앞에서 map.put(human1, 1)을 했으므로 접근하는 인덱스의 버킷은 null이 아니므로 (3)로직이 동작한다.

자 그렇다면 이제 else 부분을 들어가보자.

else {
	Node<K,V> e; K k;
	if (p.hash == hash &&
		((k = p.key) == key || (key != null && key.equals(k))))
		e = p;
        
     ...

둘의 (hash가 같아야 하고) + (둘의 Key 참조가 같거나, equals가 같다면) 동일한 식별자라고 판단합니다.

다시말해 hashCode는 무조건 같아야한다. (조건문을 잘 해석해야합니다)

(여기서 hashCode와 equals를 오버라이딩 하는 이유를 알 수 있습니다)

따라서 위 조건에서는 true가 되므로 e = p;를 실행한다. (hashCode가 동일하고 equals가 true가 나왔으므로)

여기서 p는 위 코드로 올라가보면 (2)에서 초기화된 버킷의 Node입니다.

디버깅으로 확인해보면 p는 tabl[9(i)]의 Node인걸 확인할 수 있다. (i = 9)

이전에 put으로 넣은 값 1을 그대로 갖고있는 걸 확인할 수 있습니다.

이제 다음이 실행되는 로직은 심플합니다.

식별자에 해당하는 값을 새로운 값으로 변경하는 작업을 진행합니다.

if (e != null) { // existing mapping for key
  V oldValue = e.value;
  if (!onlyIfAbsent || oldValue == null)
  e.value = value;
  afterNodeAccess(e);
  return oldValue;
}

최종적으로 결과 값이 2로 변경된 것을 확인할 수 있다.

그렇다면 이번에 동일한 인덱스 버킷에 다른 식별자를 가진 여러 노드들이 있을 때는 어떤식으로 동작할까?

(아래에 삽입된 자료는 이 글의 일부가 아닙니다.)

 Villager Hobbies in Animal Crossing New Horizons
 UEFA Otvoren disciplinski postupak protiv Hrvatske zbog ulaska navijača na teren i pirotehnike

우선 다음과 같이 모든 Human객체의 hashCode를 동일하게 만들어서 동일한 인덱스 버킷에 저장될 수 있도록 해준다.

public class Human {
    
    @Override
    public int hashCode() {
      return 1;
    }
}

값이 다르기 때문에 서로 식별자를 다르게 인식할 것이다. 즉 동일한 인덱스 버킷에 각각 다른 노드들로 저장됩니다.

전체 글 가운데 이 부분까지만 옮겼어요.